Activity
All of the listing should be output exactly, apart from the pictures.

::: Given data

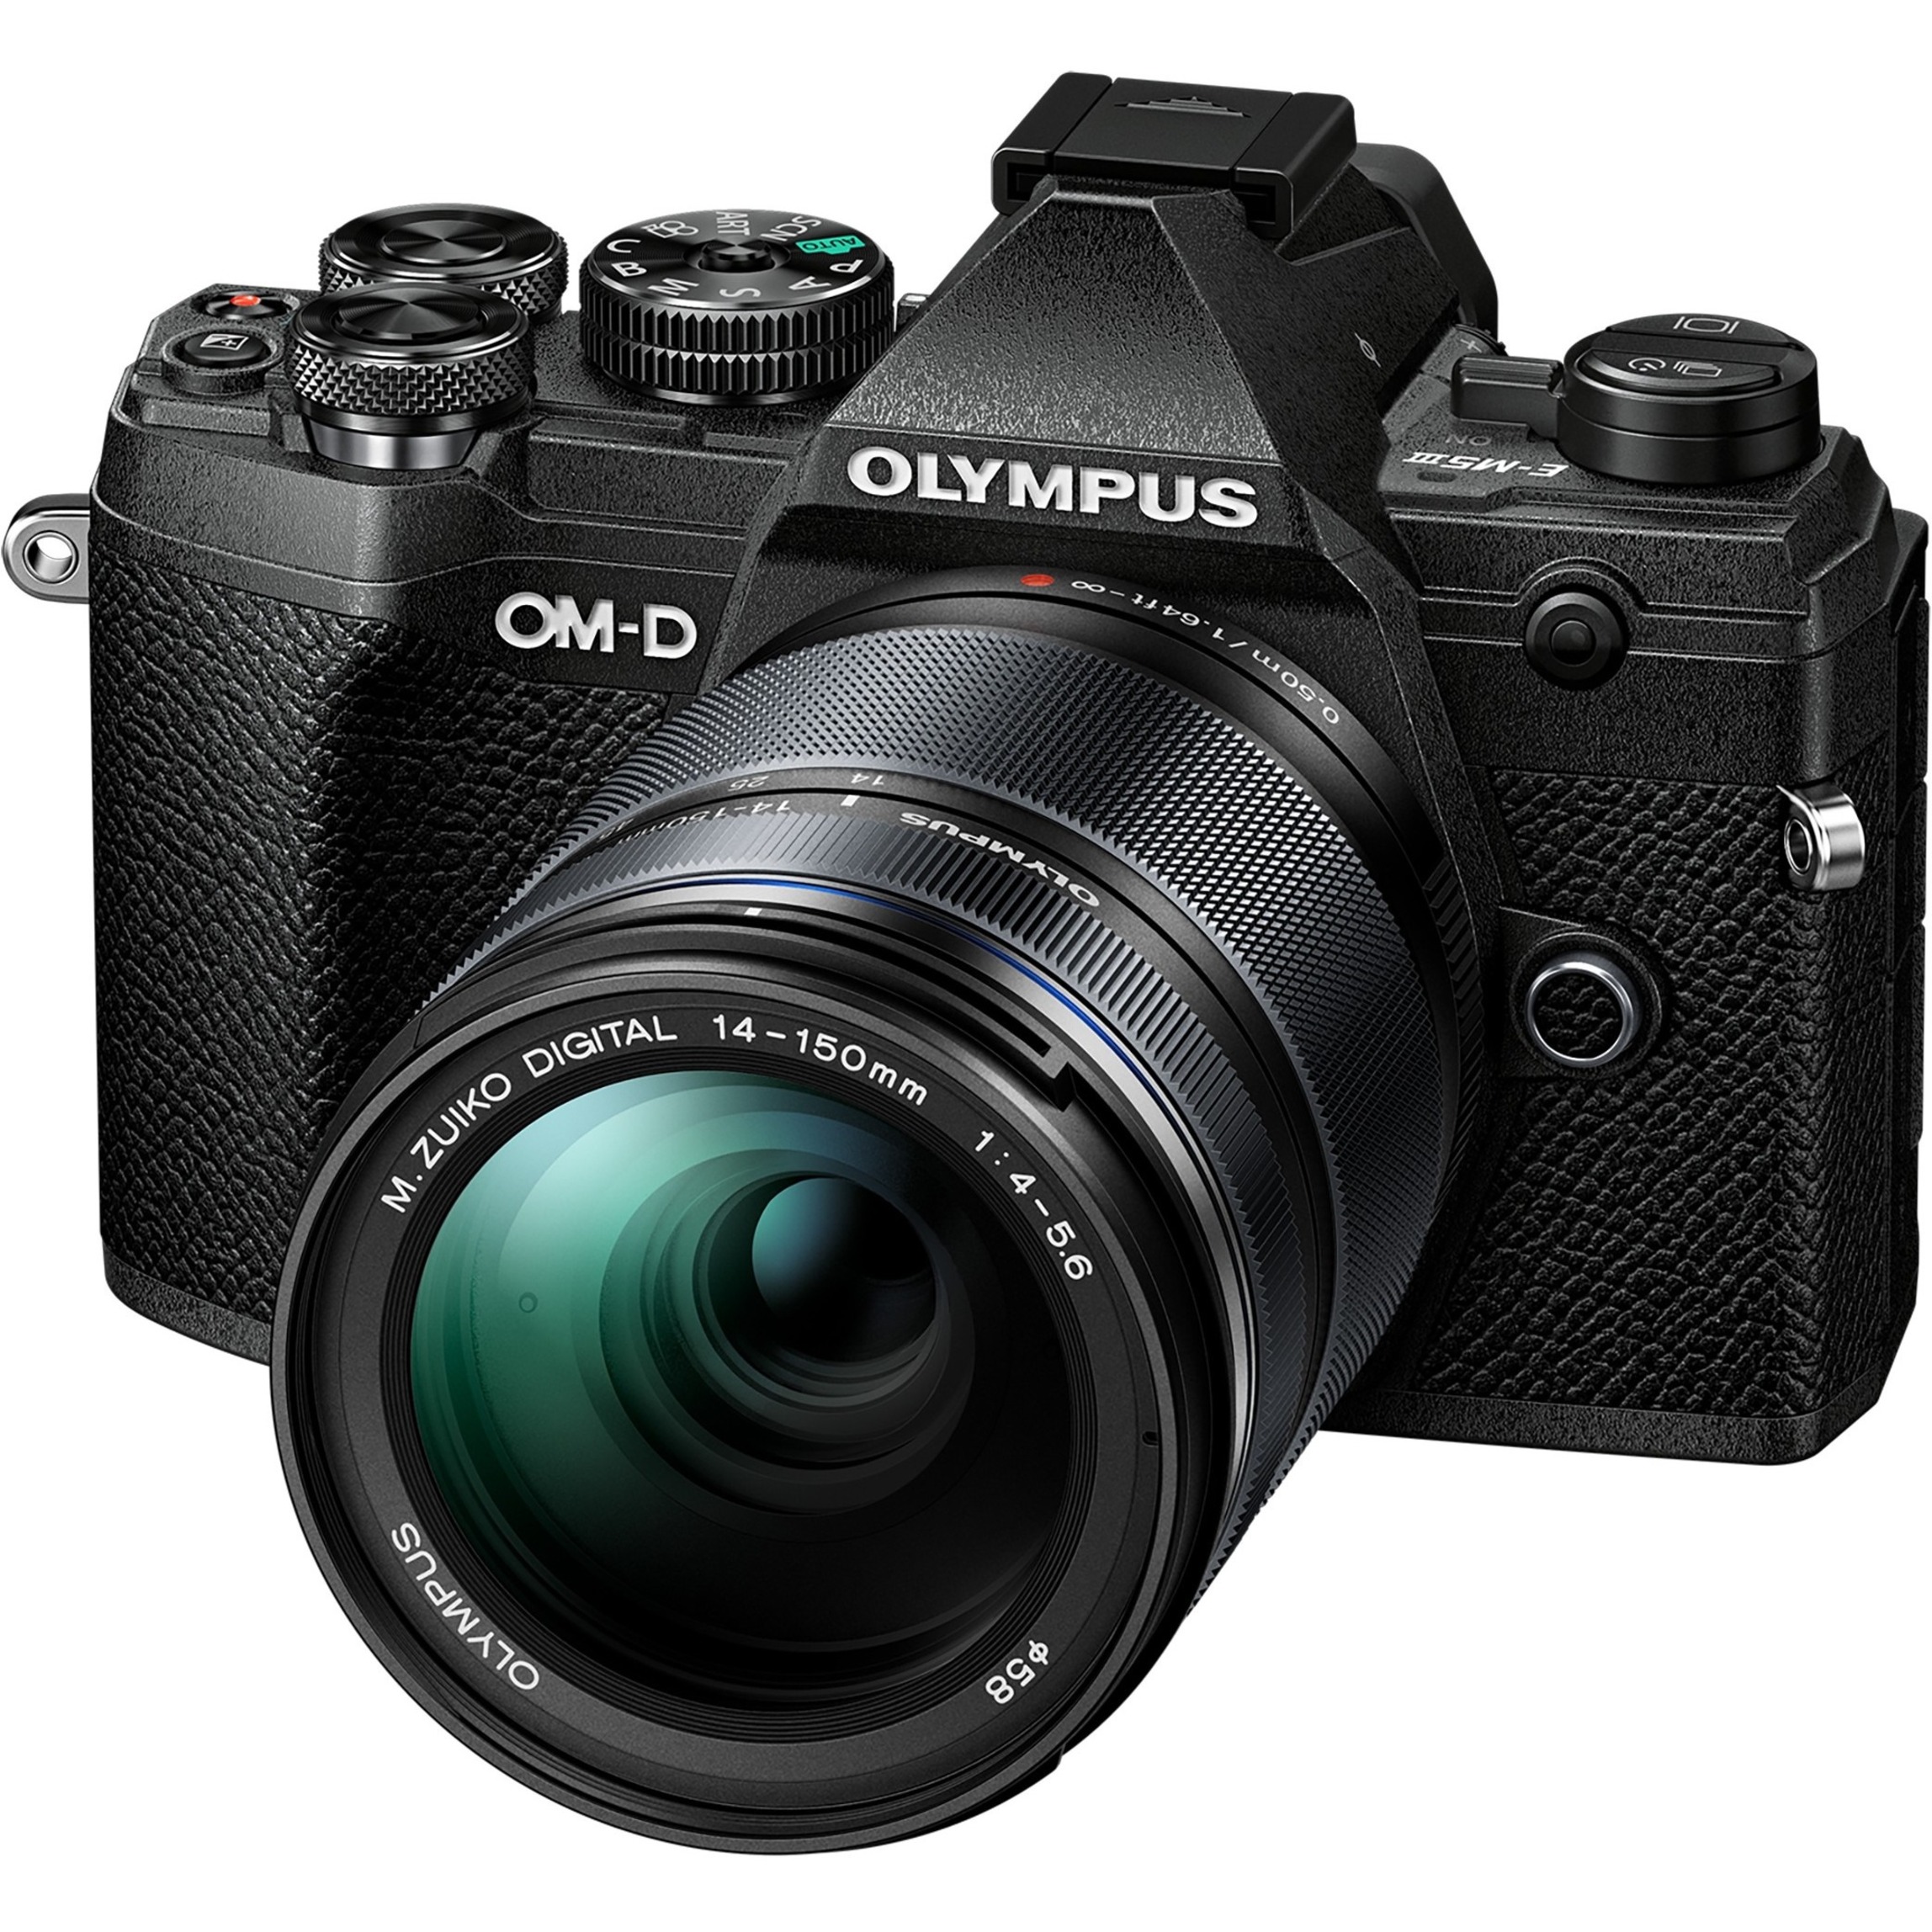 Olympus OM-D E-M5 Mark III 20.4 Megapixel Mirrorless Camera with Lens,  0.55", 5.91", Black
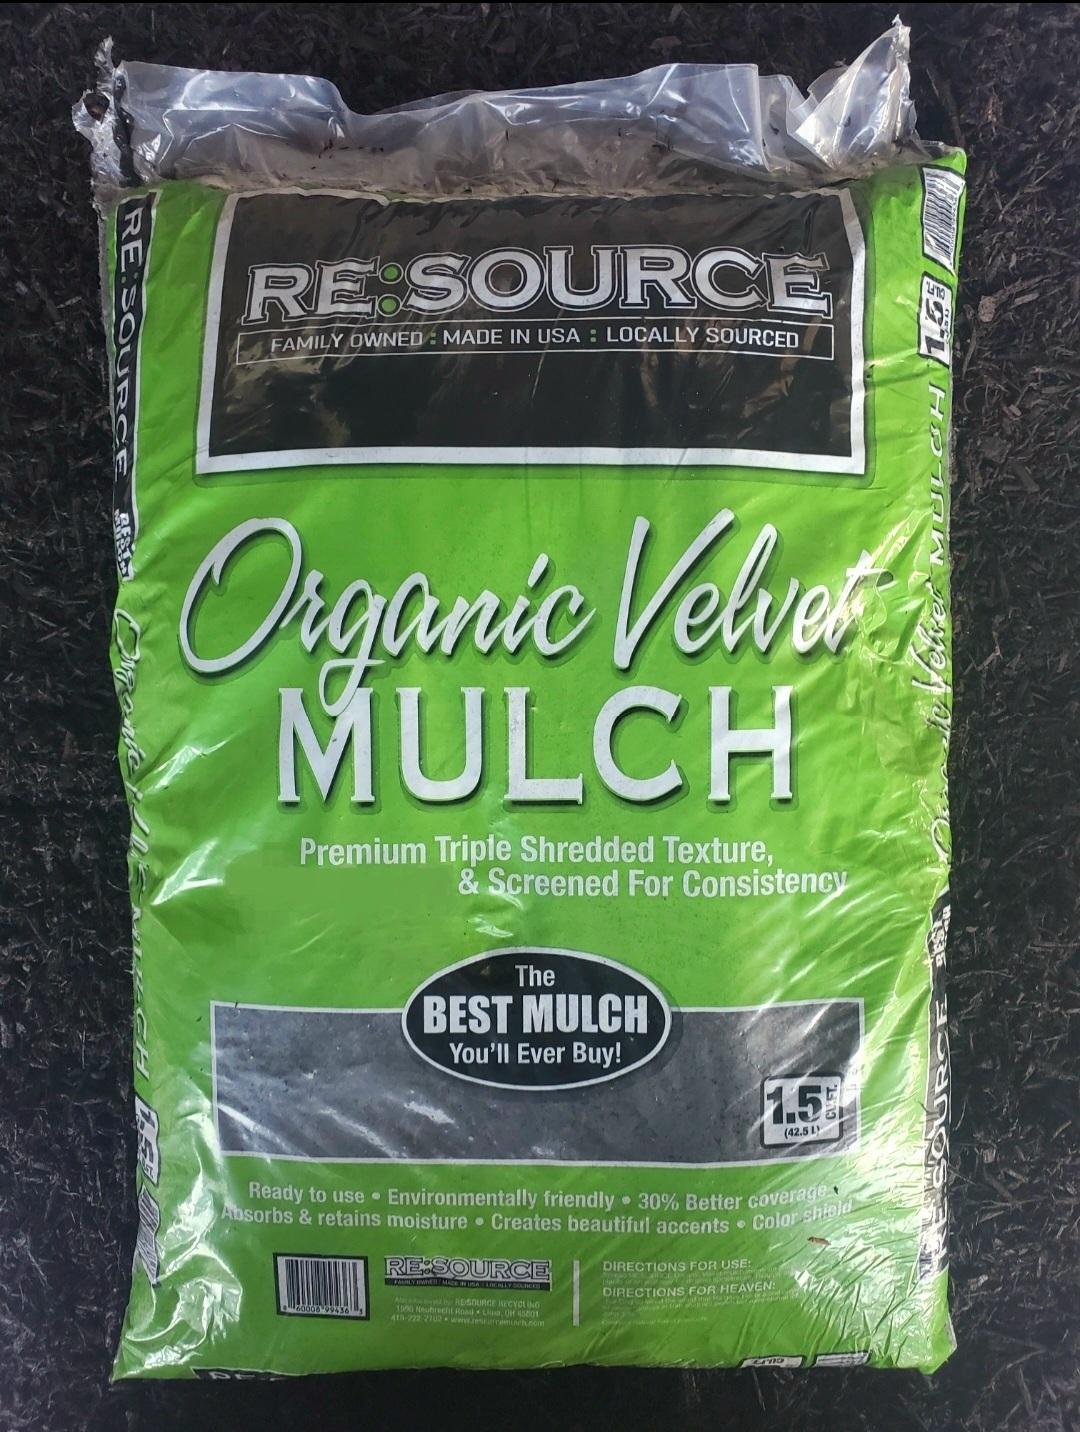 Organic Velvet Hardwood Mulch-1.5 cu ft bag
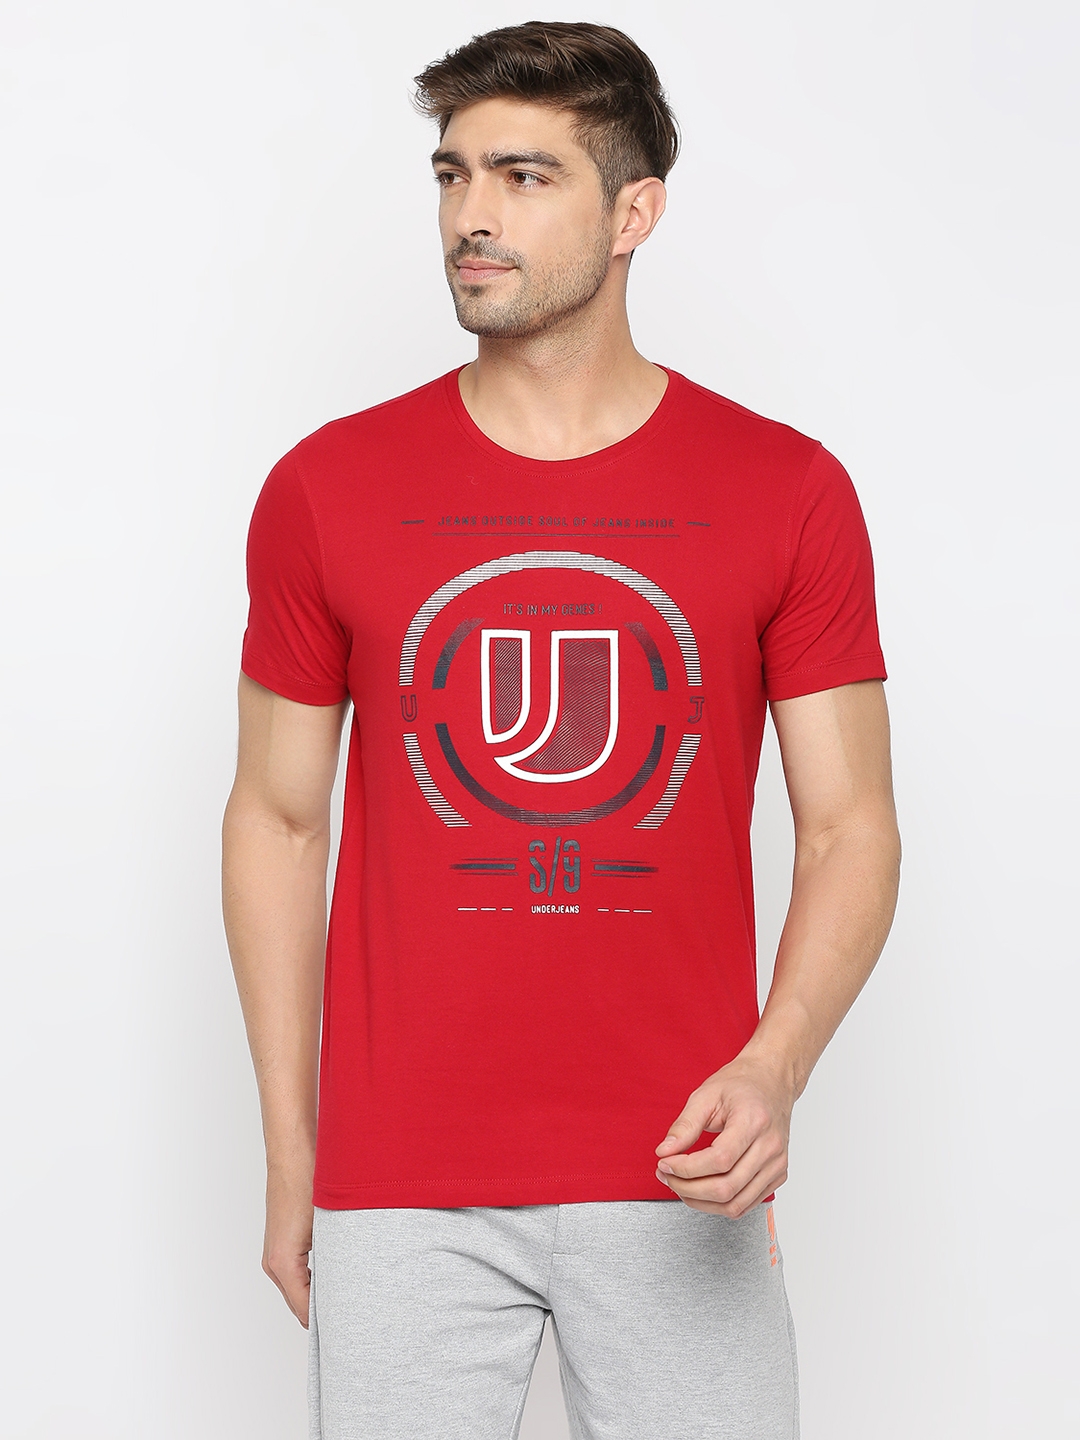 Underjeans by Spykar Men Deep Red Cotton Round Neck Printed Tshirt
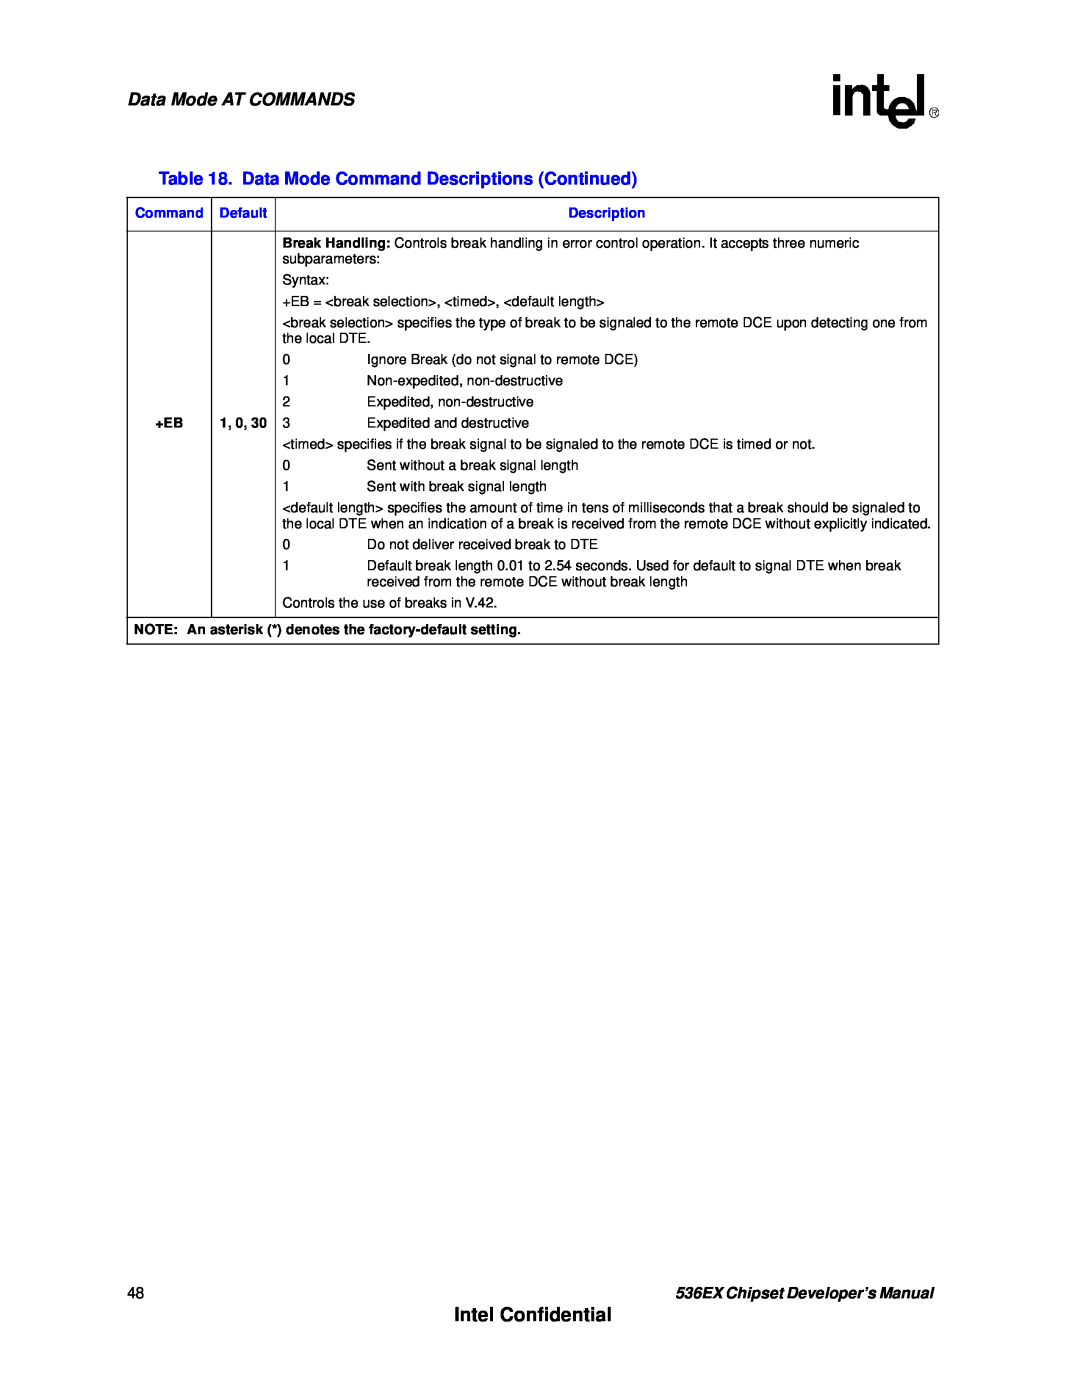 Intel 537EX manual Intel Confidential, Data Mode AT COMMANDS, 1, 0, 536EX Chipset Developer’s Manual

::::::

Solution to the problem
 Olympus OM-D E-M5 Mark III 20.4 Megapixel Mirrorless Camera with Lens,  0.55", 5.91", Black
 Organic Velvet Hardwood Mulch-1.5 cu ft bag
 Underjeans by Spykar Men Deep Red Cotton Round Neck Printed Tshirt
 Intel 537EX manual Intel Confidential, Data Mode AT COMMANDS, 1, 0, 536EX Chipset Developer’s Manual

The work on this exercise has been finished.